第2話 キミはアヤ、ボクはミイ?

 ボクはどうしてこんな所にいるんだろう?

 寒空の下倒れたと思ったら、気がつけば人間がやってる病院にいて、少ししてから一軒の家に連れて行かれた。


 そしてその家で待っていたのは。


「よかったー、ネコさんげんきになったんだ」


 あの日意識をなくす前、ボクに話しかけてきてた女の子。

 どうやらここは、この子の家らしい。


 けど何のつもりだ、こんな所に連れてきて。


「なまえをつけなきゃね。キミのなまえは、きょうからミイだよ」


 名前だって?

 冗談じゃない、勝手に決めるな。


 フーッと全身の毛と尻尾を立てて威嚇すると、女の子はビクッとする。

 ……ちょっとおどかしすぎたかな? だけど女の子は、穏やかな声で言ってくる。


「しらないおうちにきたから、こわがってるんだね。でも、わたしもパパもママも、ミイのこといじめたりしないから」


 信用できるか。


「わたしはアヤ、アヤだよ。これからなかよくしようね、ミイ」


 アヤ、かあ。変な人間。

 こっちはさっきから威嚇してるのに、逃げるわけでもイジメてくるわけでもなく、話してくるんだもの。

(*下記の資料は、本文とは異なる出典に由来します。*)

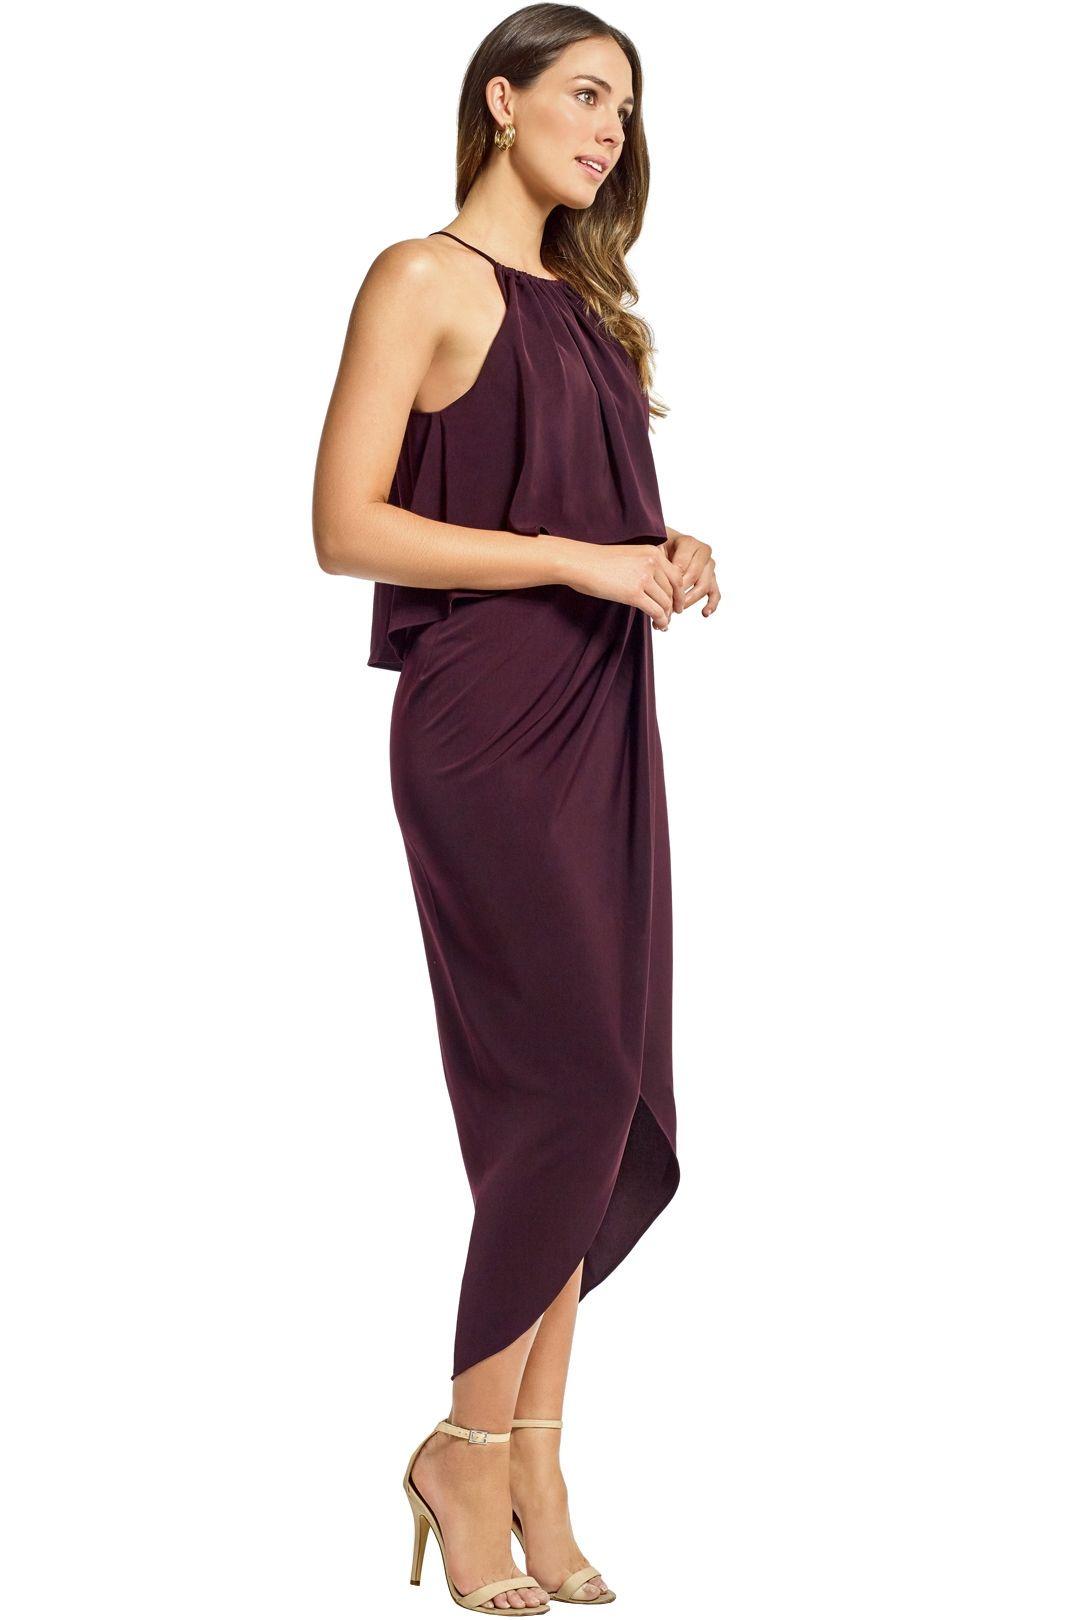 Shona Joy - Frill High Neck Drape Maxi Dress - Aubergine - Side

 どうしよう。本当ならすぐにでも出ていきたいけど、外は寒いからなあ。

 いていいって言うなら、しばらくいさせてもらおう。

 ただしアヤ、キミに気を許したわけじゃないからね!


 ……そんなわけで、その日からボクとアヤは一緒に暮らしはじめた。

 アヤはやっぱり変な子だ。ボクがいくらそっぽ向こうと、めげずに話しかけてくる。

 それにイジワルもしてこない。

 時々ボクのアゴの下辺りをなでてくるけど、そしたらほわわ~んとしたいい気持ちになる。


 アヤ……この子は今まで会った人間とは違うのかなあ?

 はっ! いやいや、騙されないぞ。

 人間は乱暴で悪いやつなんだから。


 だけどある日のこと、アヤの姿が見えなくなった。

 どうしたんだろうって思って家の中を探してみたら、どうやらカゼをひいて寝込んでいるみたい。


 まったく、なにやってるんだよ。

 アヤは布団に入って、ハアハアと苦しそうに息をしている。


 大丈夫かー?

 苦しくないかー?


 アヤの枕元までやってくると、その顔を肉球でぷにぷにとつついてみる。

 そしたらアヤ、ボクの手を取ったかと思うと、さっきまで苦しそうにしてたのにニッコリ笑いだした。


「しんぱいしてきてくれたの? ミイはやさしいね~」


 違う、そんなんじゃない。

 ……けど、少しくらい側にいてあげてもいいよ。




 幸い、アヤのカゼはすぐに治ったけど、それからは前にも増してボクになついてくるようになった。

 ……まあいいか。アヤは他の人間とは違うから。